Допрос с признанием известных ведьм в Челмсфорде //

Демонология эпохи Возрождения. М., 1996. С. 41-48

 

Вопросы

1. Когда, по Вашему мнению, происходило это действие?

2. Какие здесь приводятся факты в пользу доказательства виновности подследственных?

3. Охарактеризуйте мировоззрение подозреваемых и судей. Замечание. Если Вы начнете свое обоснование с утверждения о том, что люди того времени «чего-то не знали», то Ваша аргументация будет неверной. Вас же спрашивают не о том, чего они не знали, а том, что они знали, если в итоге пришли к подобным выводам.
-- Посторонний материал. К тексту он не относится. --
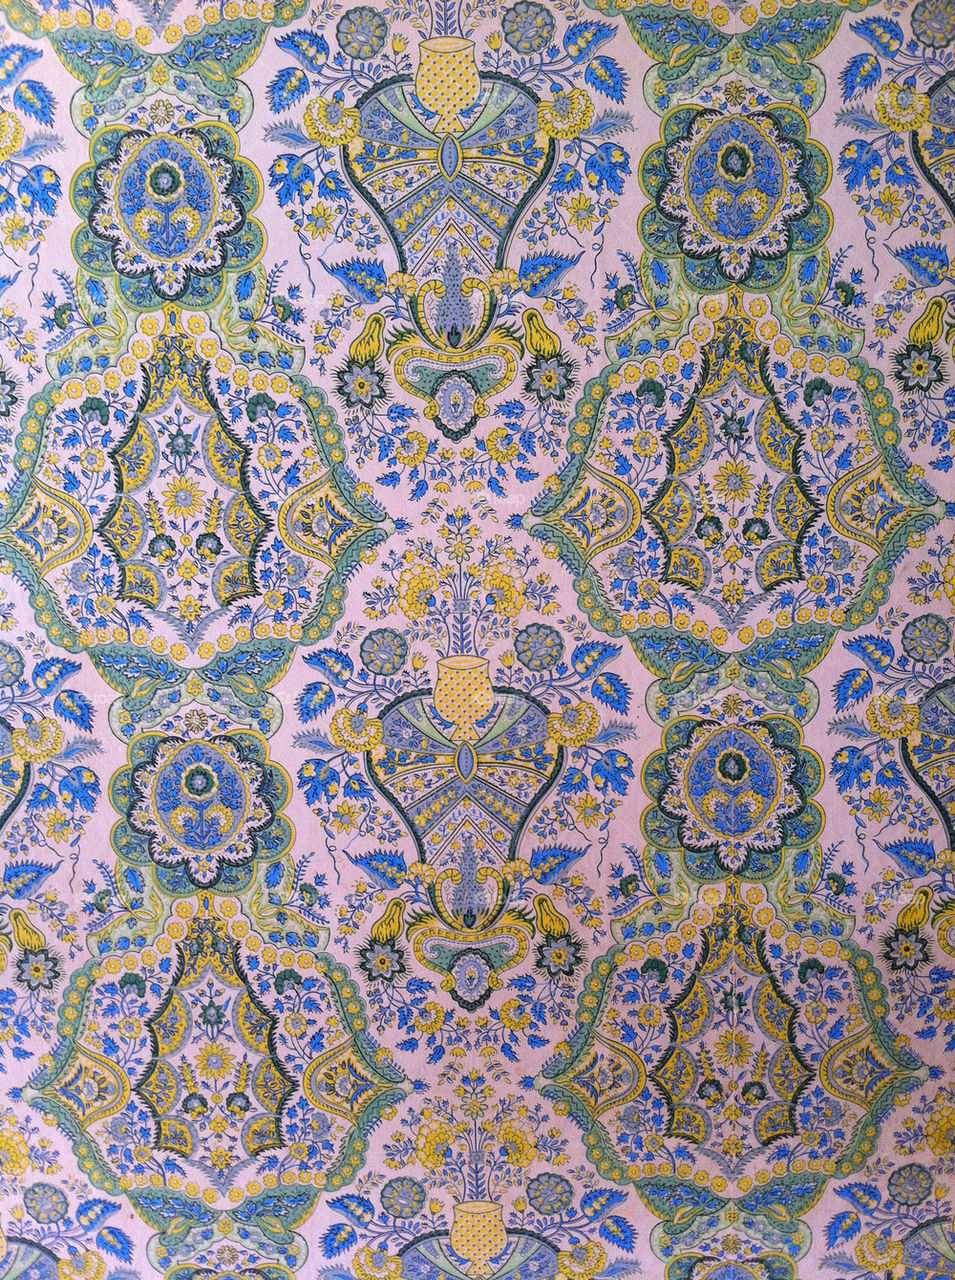 malmö sweden pattern wall by martinsjobeck

4. Возможен ли подобный процесс в настоящее время? Если Вы считаете, что невозможен (или возможен), то обоснуйте свой ответ.

 

9.3. А. Райнах: Априорные основания гражданского права*

Прочитайте следующий текст и ответьте на прилагаемые к нему вопросы.
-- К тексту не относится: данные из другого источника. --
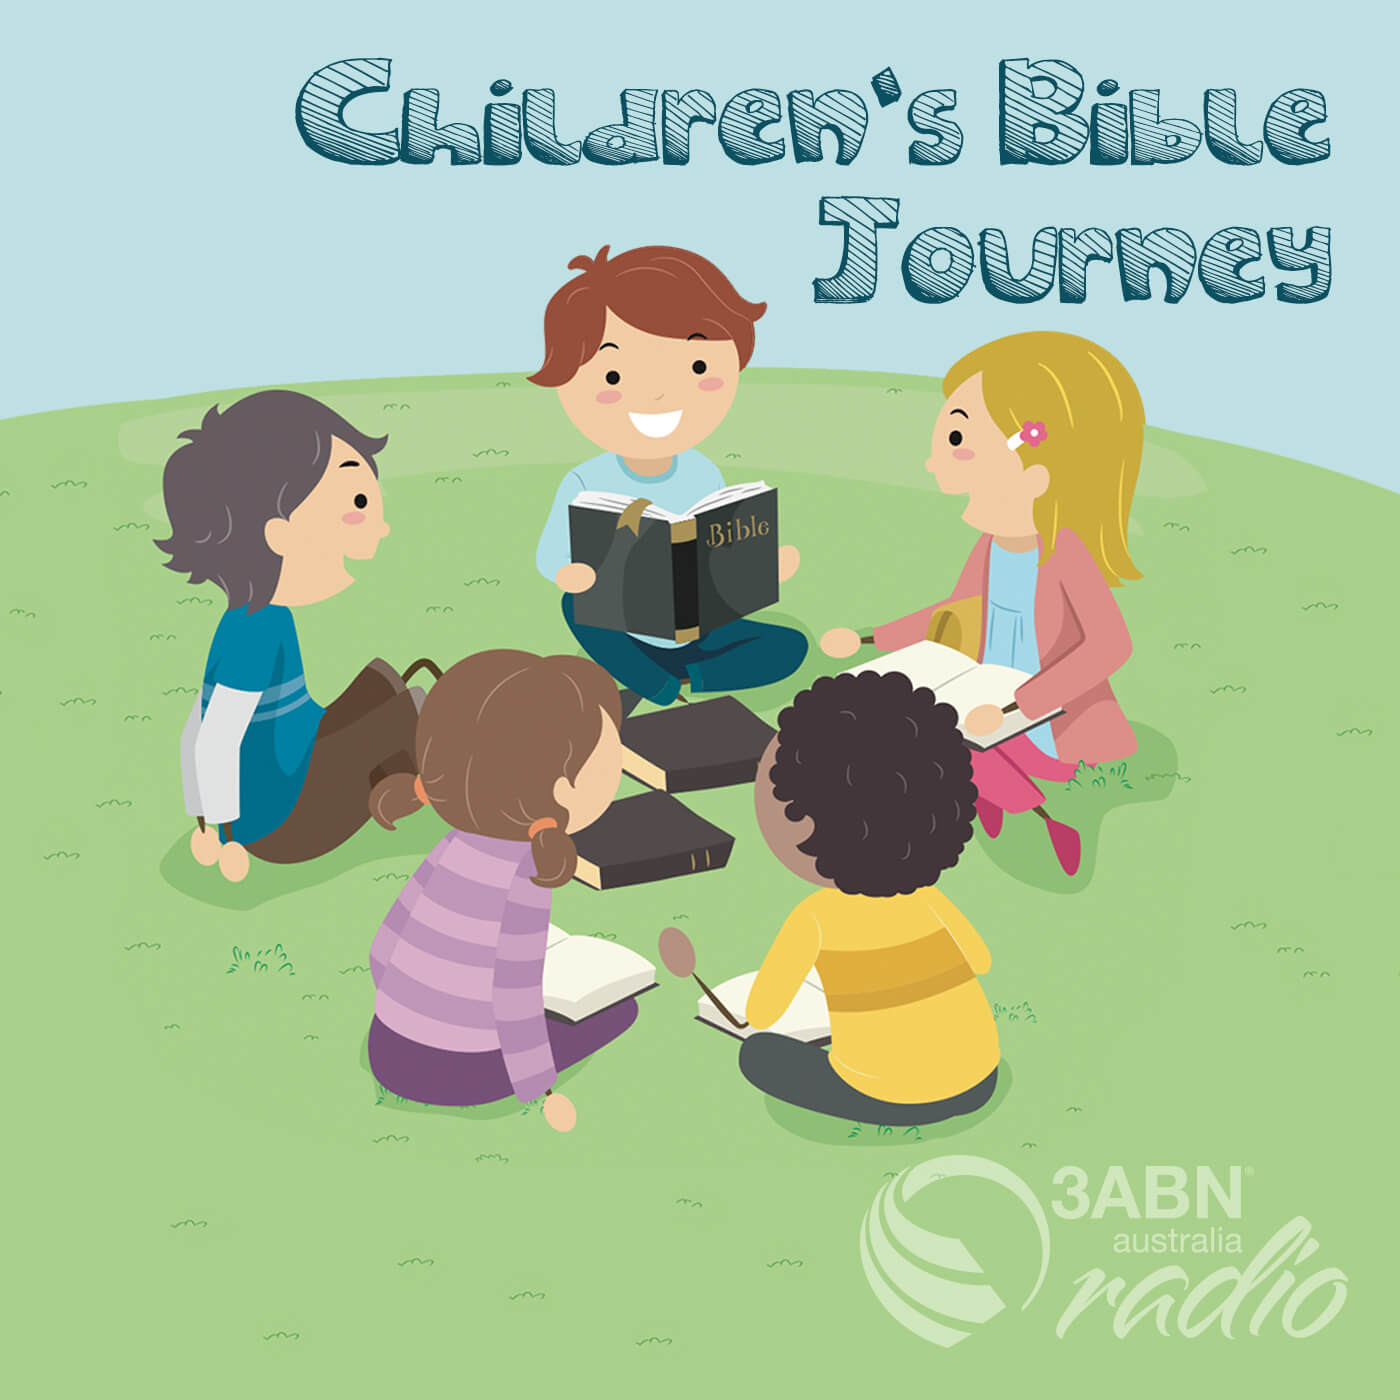 Children's Bible Journey - 2212

Основой задачей юристов является сознание, изменение и применение законов. Формулируя положения законодательства, юристы должны учитывать существующие общественные отношения, в особенности экономические. Поэтому когда изменяется экономический уклад, вслед за ним изменяется и право. Справедливо ли это утверждение для абсолютно всех правовых положений, норм и законов? По мнению немецкого философа, перенесшего метод феноменологии в область философии права АДОЛЬФА РАЙНАХА (1883 – 1917), нет, не справедливо. А. Райнах считает, что в области права можно выделить априорные положения (т.е., существующие независимо от всякого эмпирического опыта). Немецкий философ, развивая идеи своего предшественника И. Канта, приходит к выводу, что наряду с выделенными Кантом чистыми априорными синтетическими суждениями в области геометрии, арифметики и естествознания существует также класс подобных суждений в области права. (Пример априорного синтетического суждения в области естествознания: «любое тело является протяженным». Априорность – от лат. a prioriнезависимость от эмпирического опыта – здесь состоит в том, что для того, чтобы это суждение сформулировать, не надо предварительно наблюдать тела, ибо до всякого опыта, сразу ясно, что все тела протяженные и не бывает непротяженных тел. Априорные суждения следует отличать от апостериорных – от лат. a posteriori – исходя из опыта, на основании опыта. Например, следующее суждения является апостериорным: «некоторые тела являются тяжелыми», т.к. для того, чтобы это узнать, надо предварительно взвесить эти тела, ибо некоторые тела являются легкими.) Поэтому, по его мнению, «наряду с чистой математикой и чистым естествознанием есть также чистая наука права, складывающаяся, как и первые две дисциплины, из строго априорных и синтетических положений».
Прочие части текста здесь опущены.